--- COLLECTED DATA ---

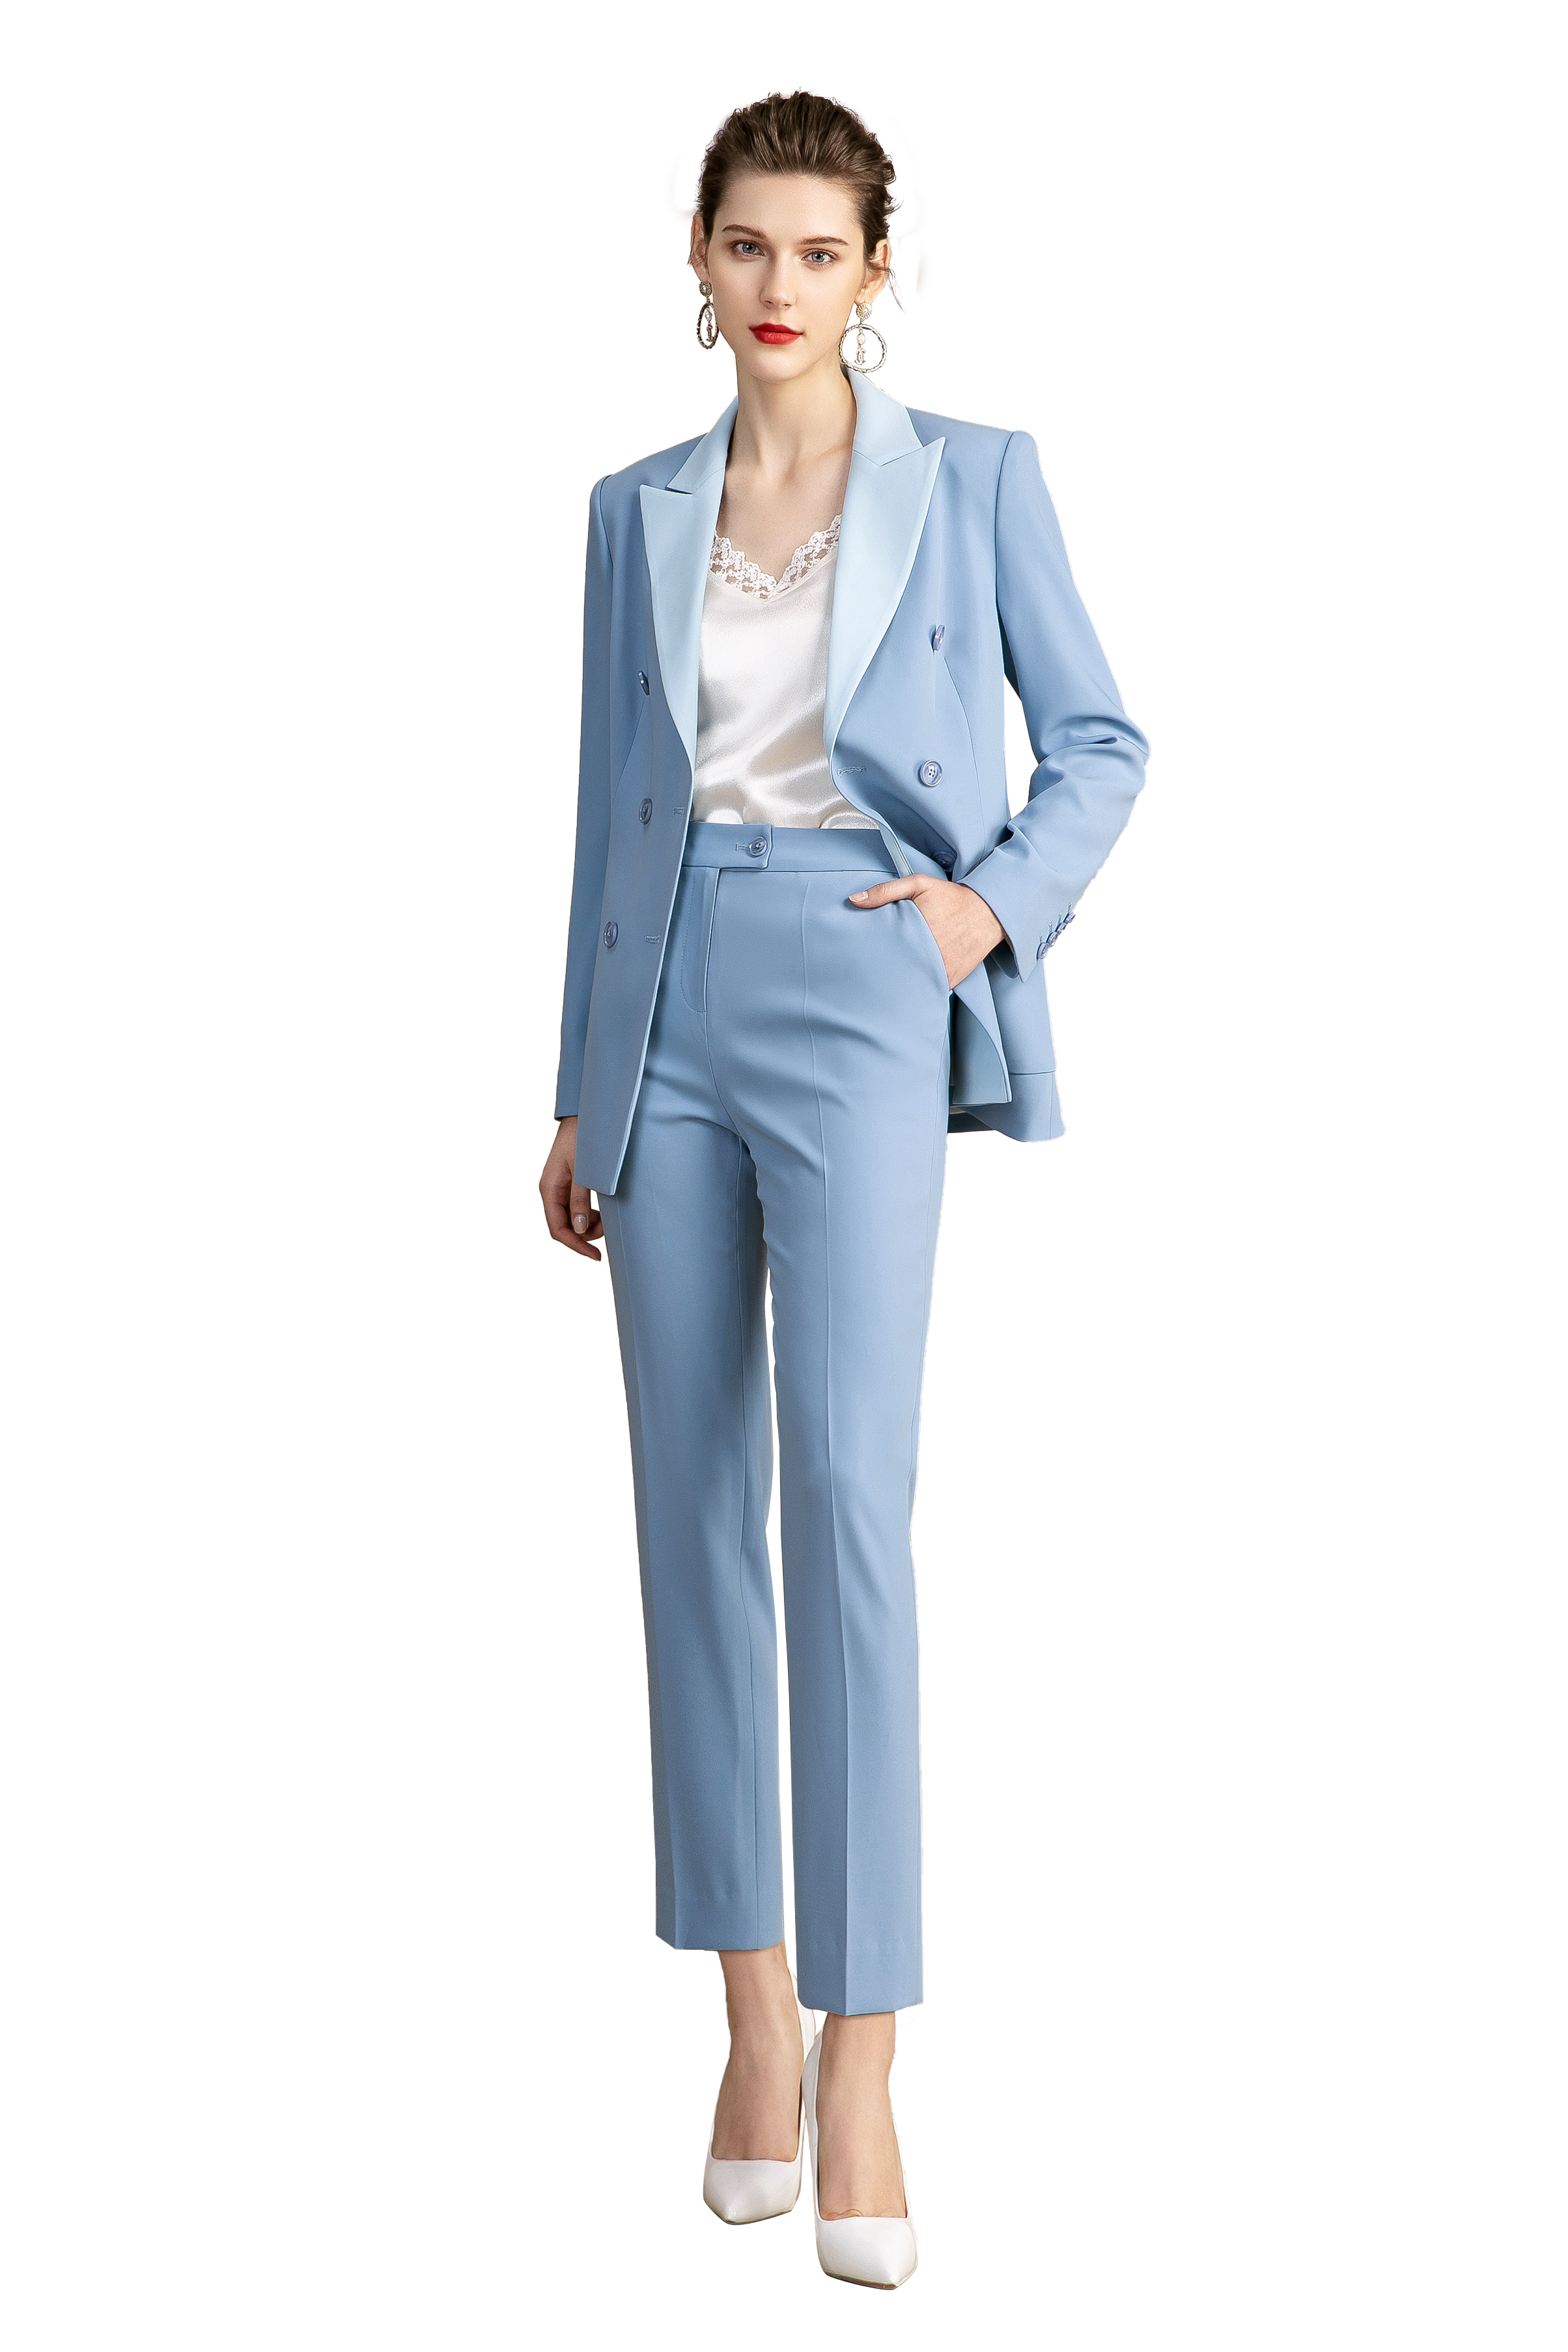 Buy Light Blue Formal Tuxedo Pant Suits Online for Women – FashionByTeresa
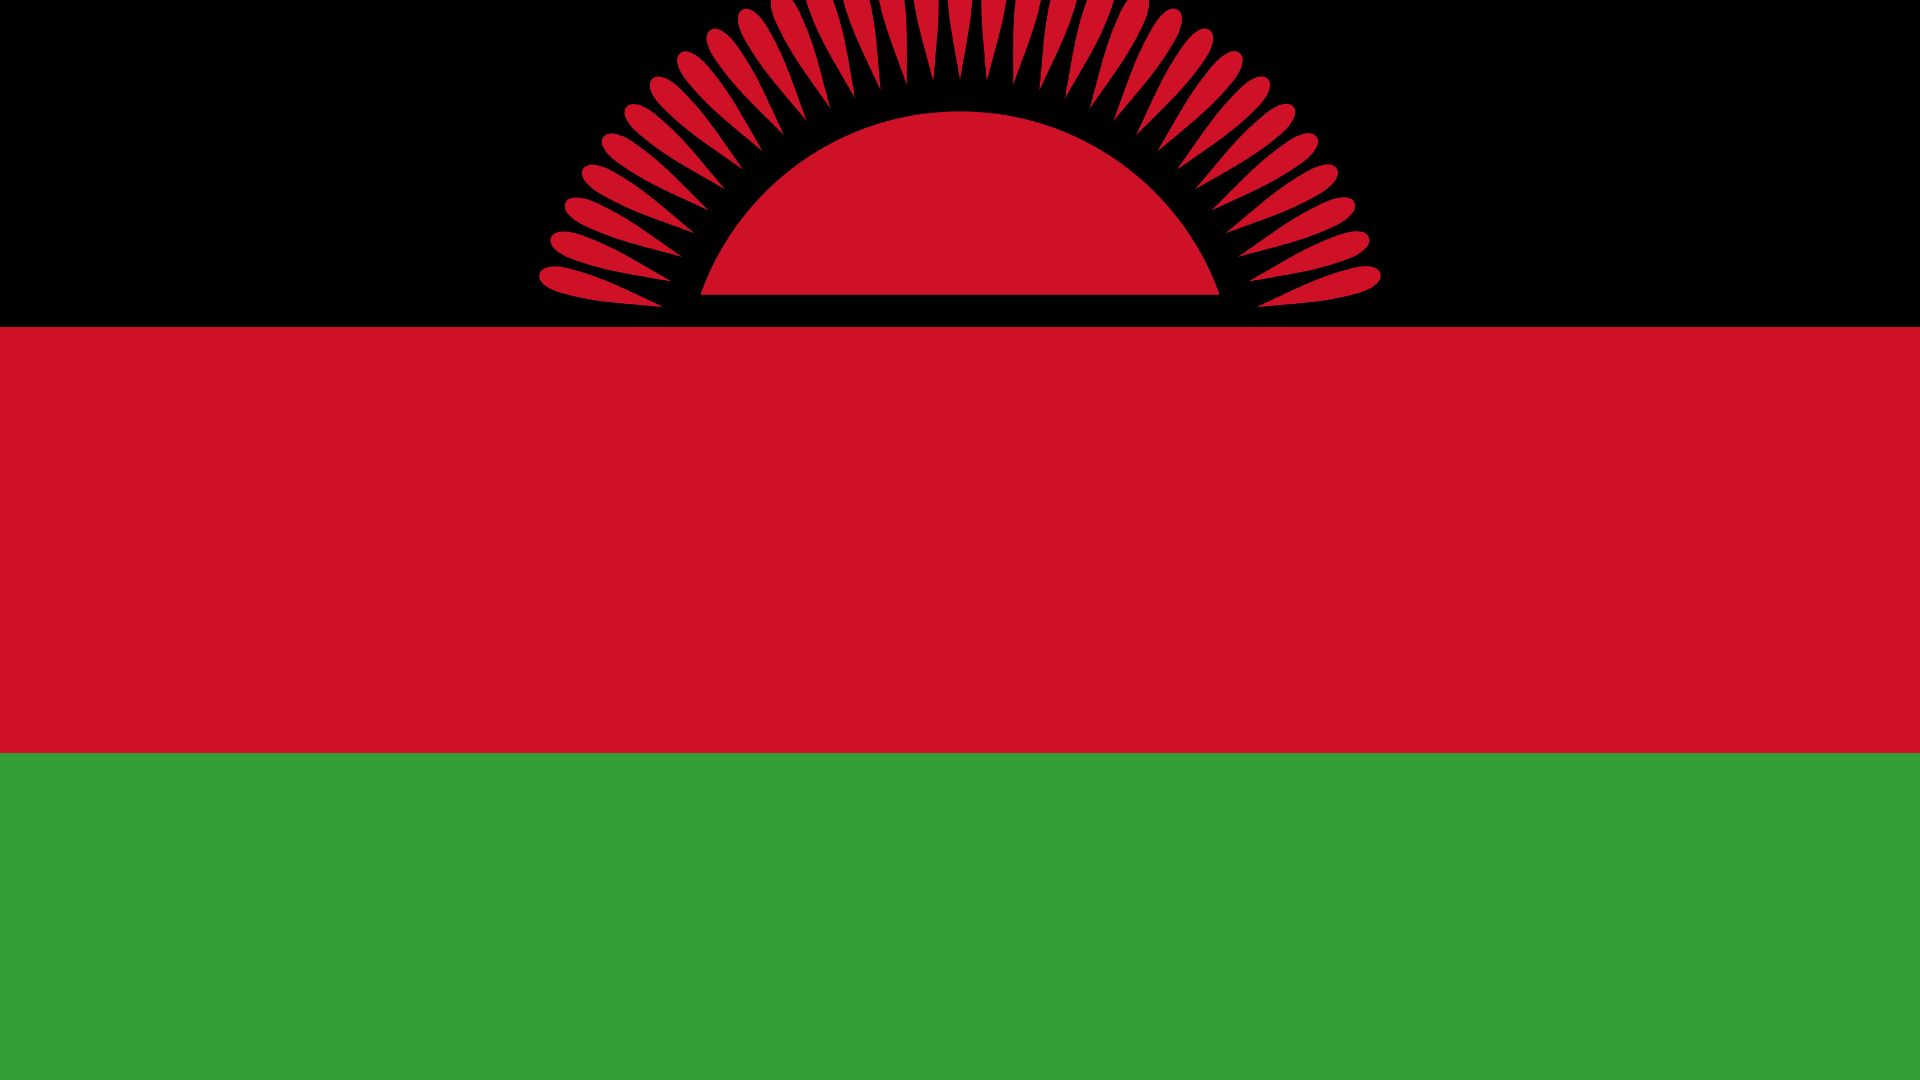 A bandeira possui faixas vermelhas e pretas e um sol vermelho no alto.
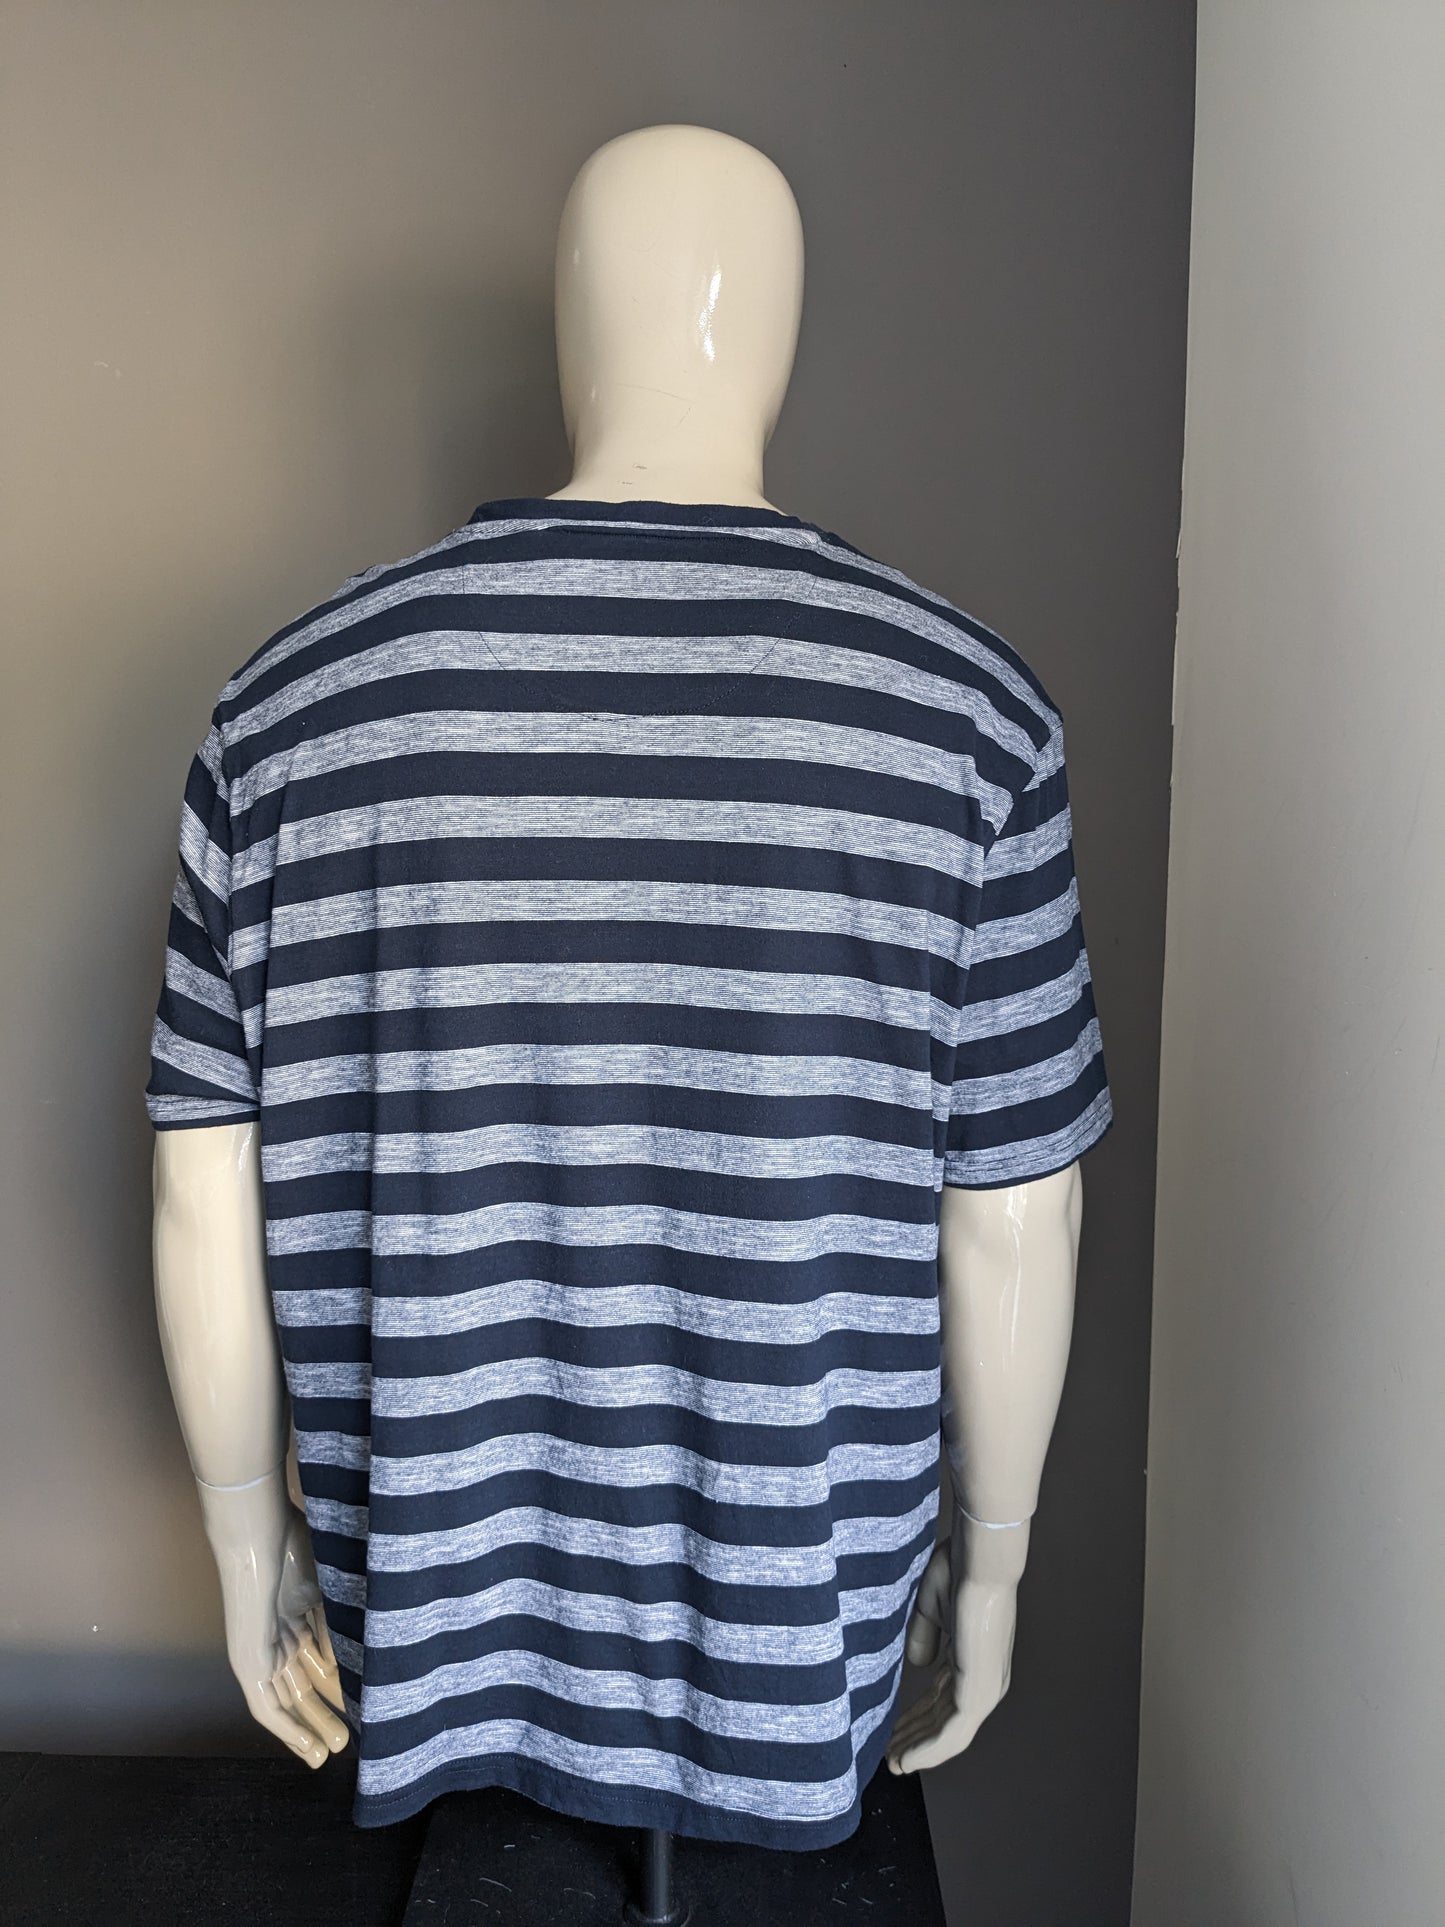 Westbury shirt. Blue gray striped. Size 3XL / XXXL.

---

**TASK TO CARRY OUT**
Pictures aside, return all of the material exactly as written.

**RESPONSE FOR THIS EXERCISE**
 Buy Light Blue Formal Tuxedo Pant Suits Online for Women – FashionByTeresa
 A bandeira possui faixas vermelhas e pretas e um sol vermelho no alto.
 Westbury shirt. Blue gray striped. Size 3XL / XXXL.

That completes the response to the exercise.